_Task item:_ The whole listing below should be printed again exactly, with no images.

_Data:_
▼

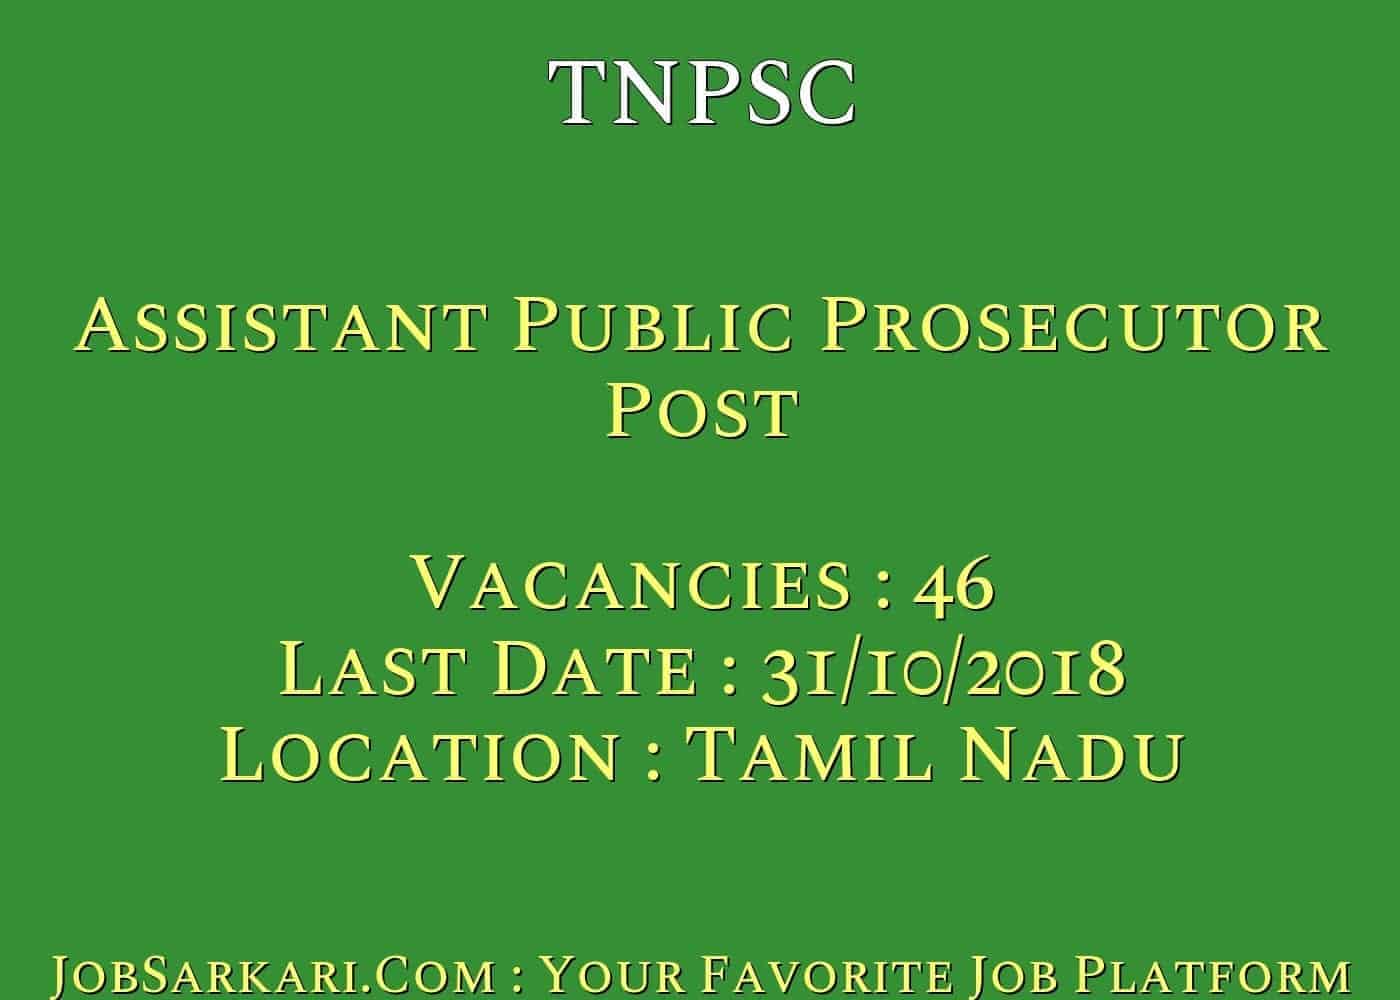 TNPSC Recruitment 2018 for Assistant Public Prosecutor Post
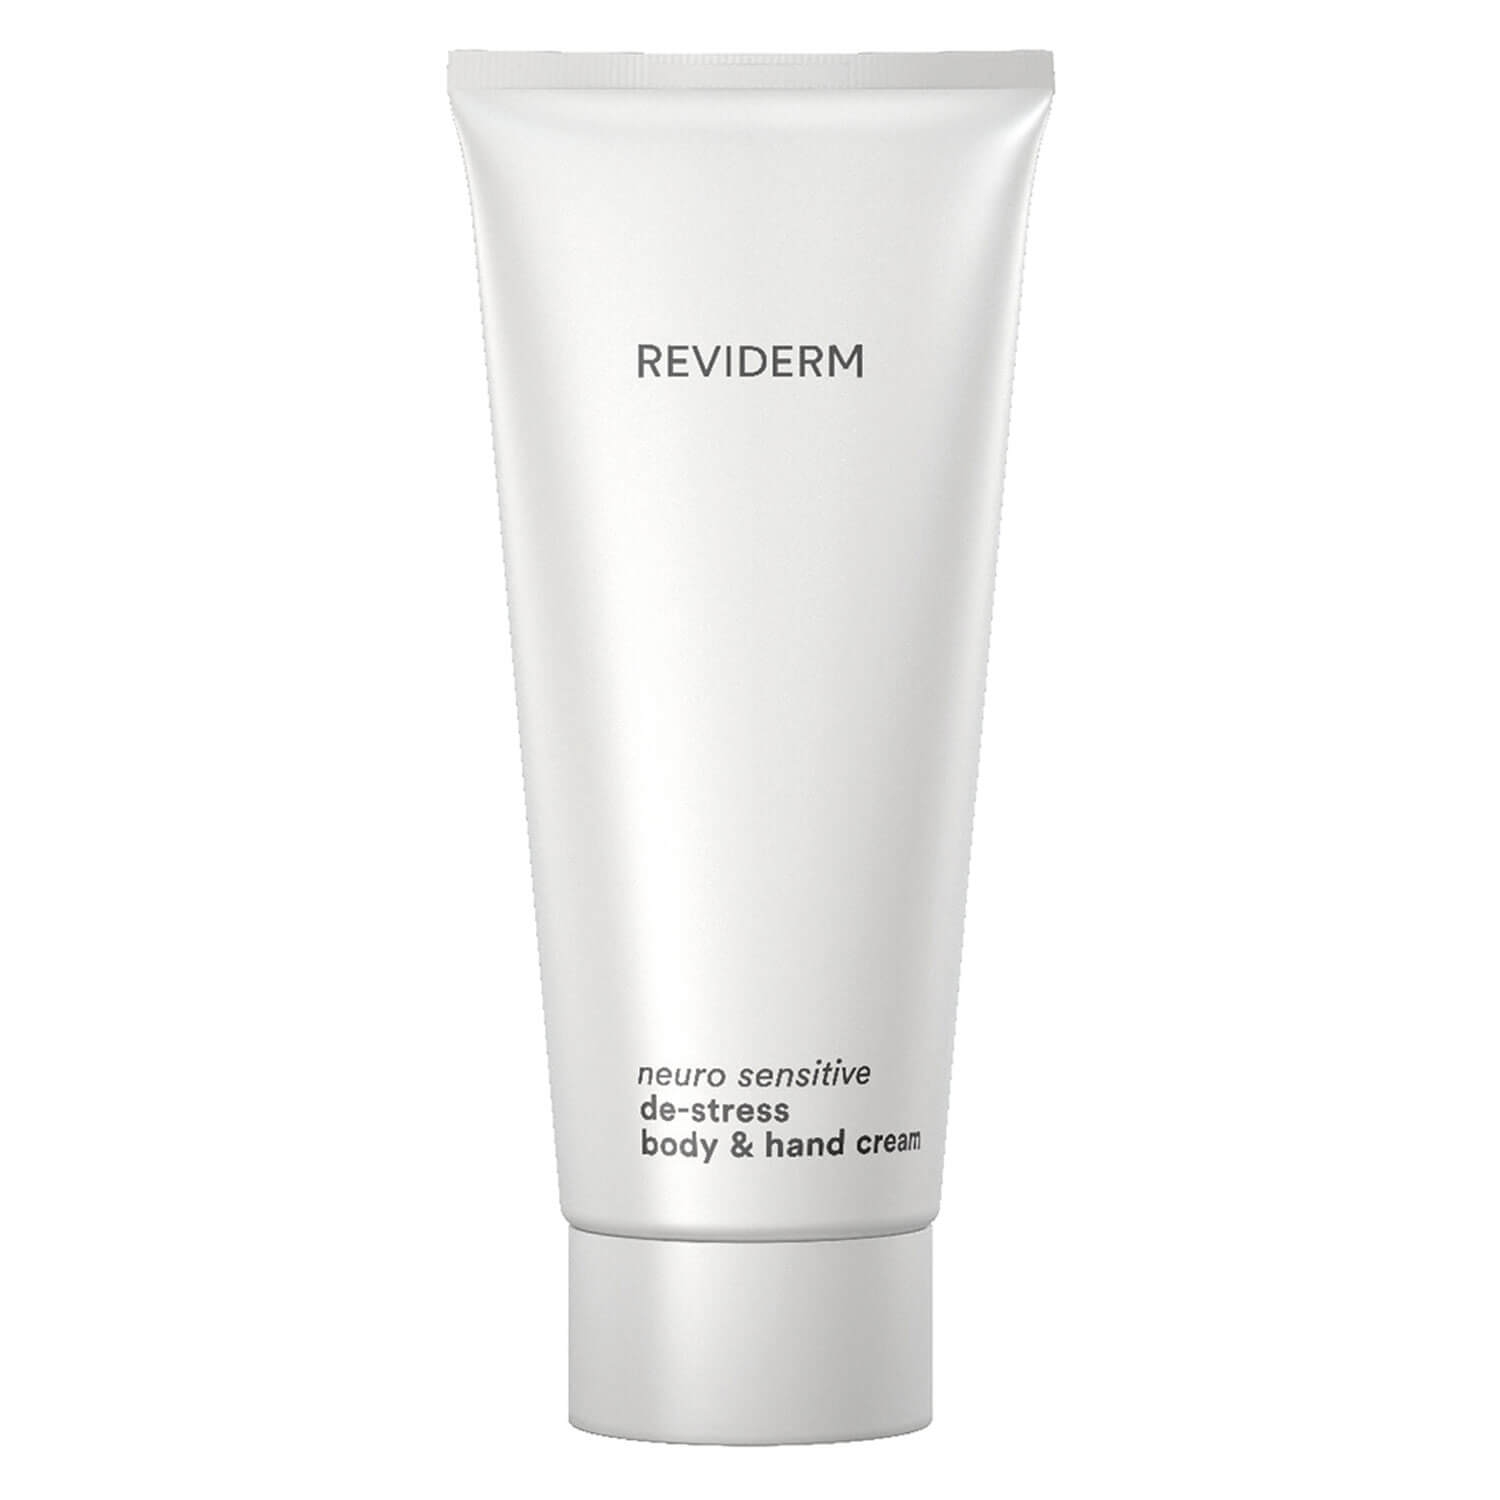 Product image from Reviderm Neuro Sensitive - de-stress body & hand cream
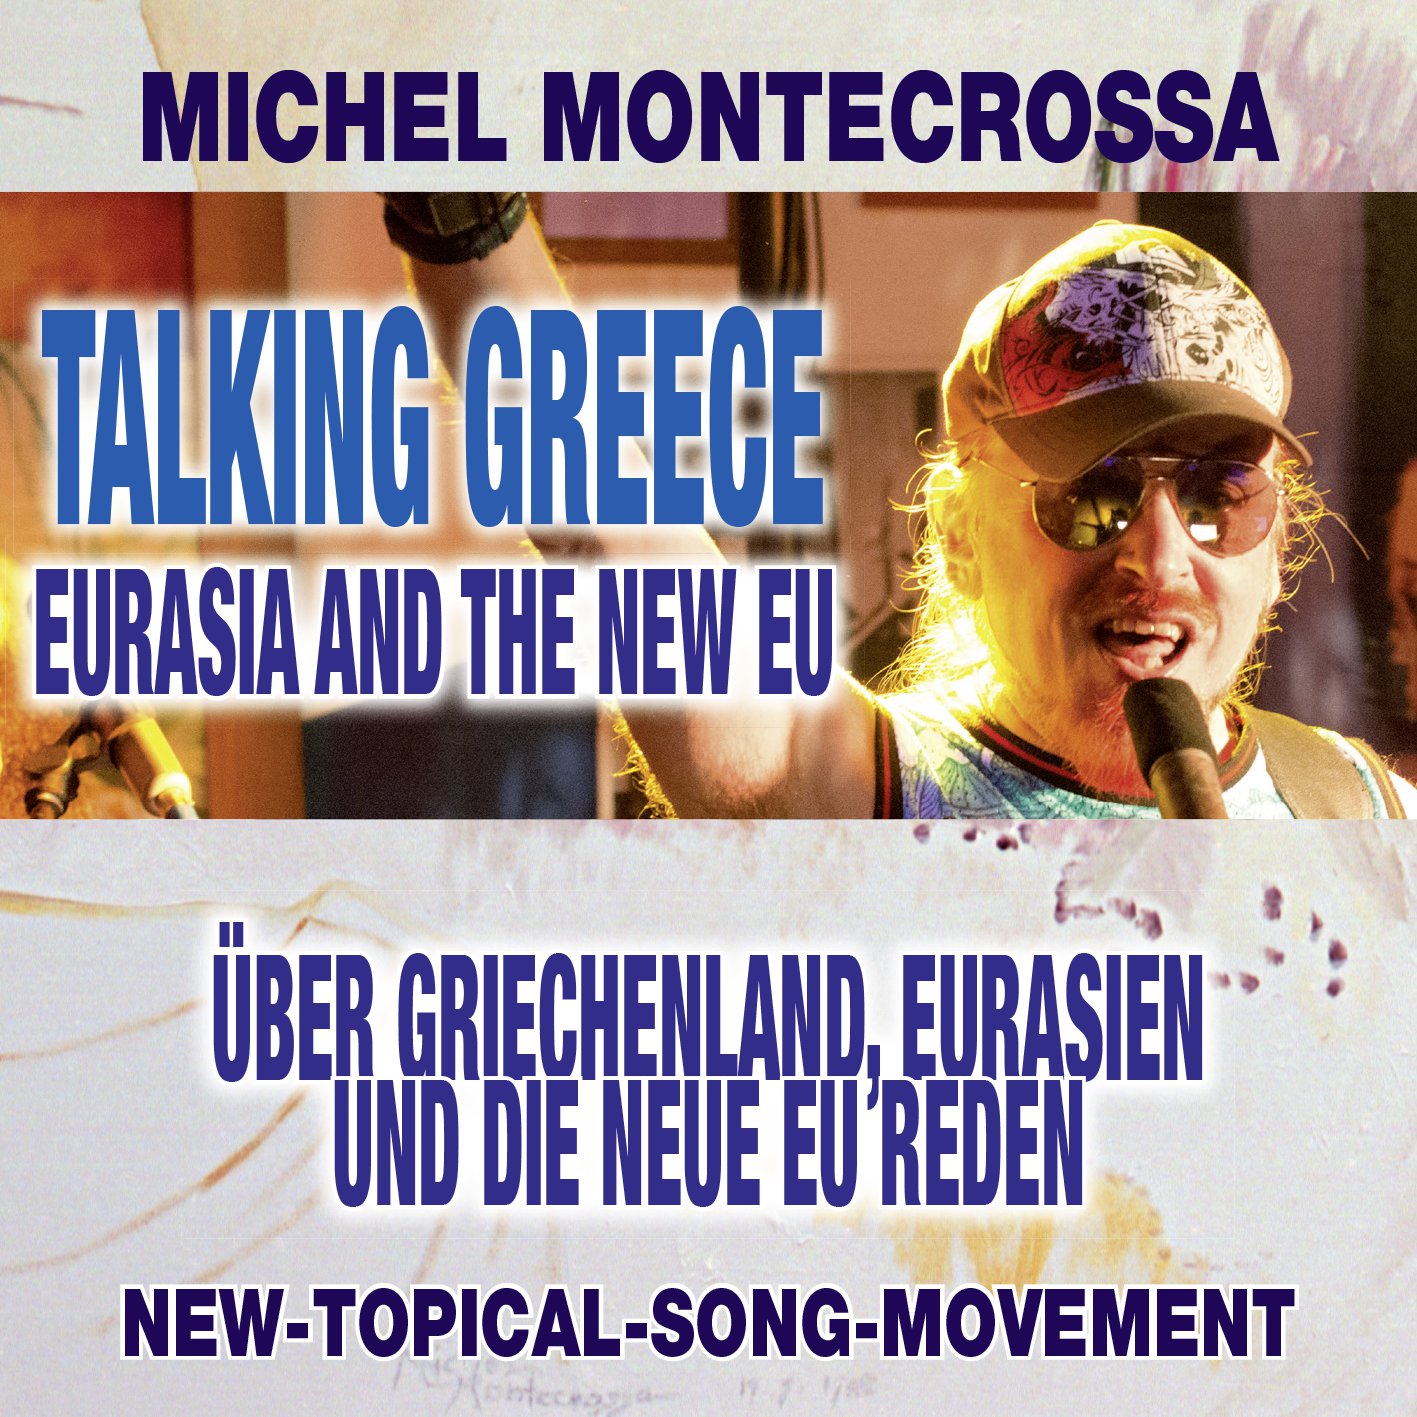 Talking Greece, Eurasia and the new EU

▲

_The completed task:_
 TNPSC Recruitment 2018 for Assistant Public Prosecutor Post
 Product image from Reviderm Neuro Sensitive - de-stress body & hand cream
 Talking Greece, Eurasia and the new EU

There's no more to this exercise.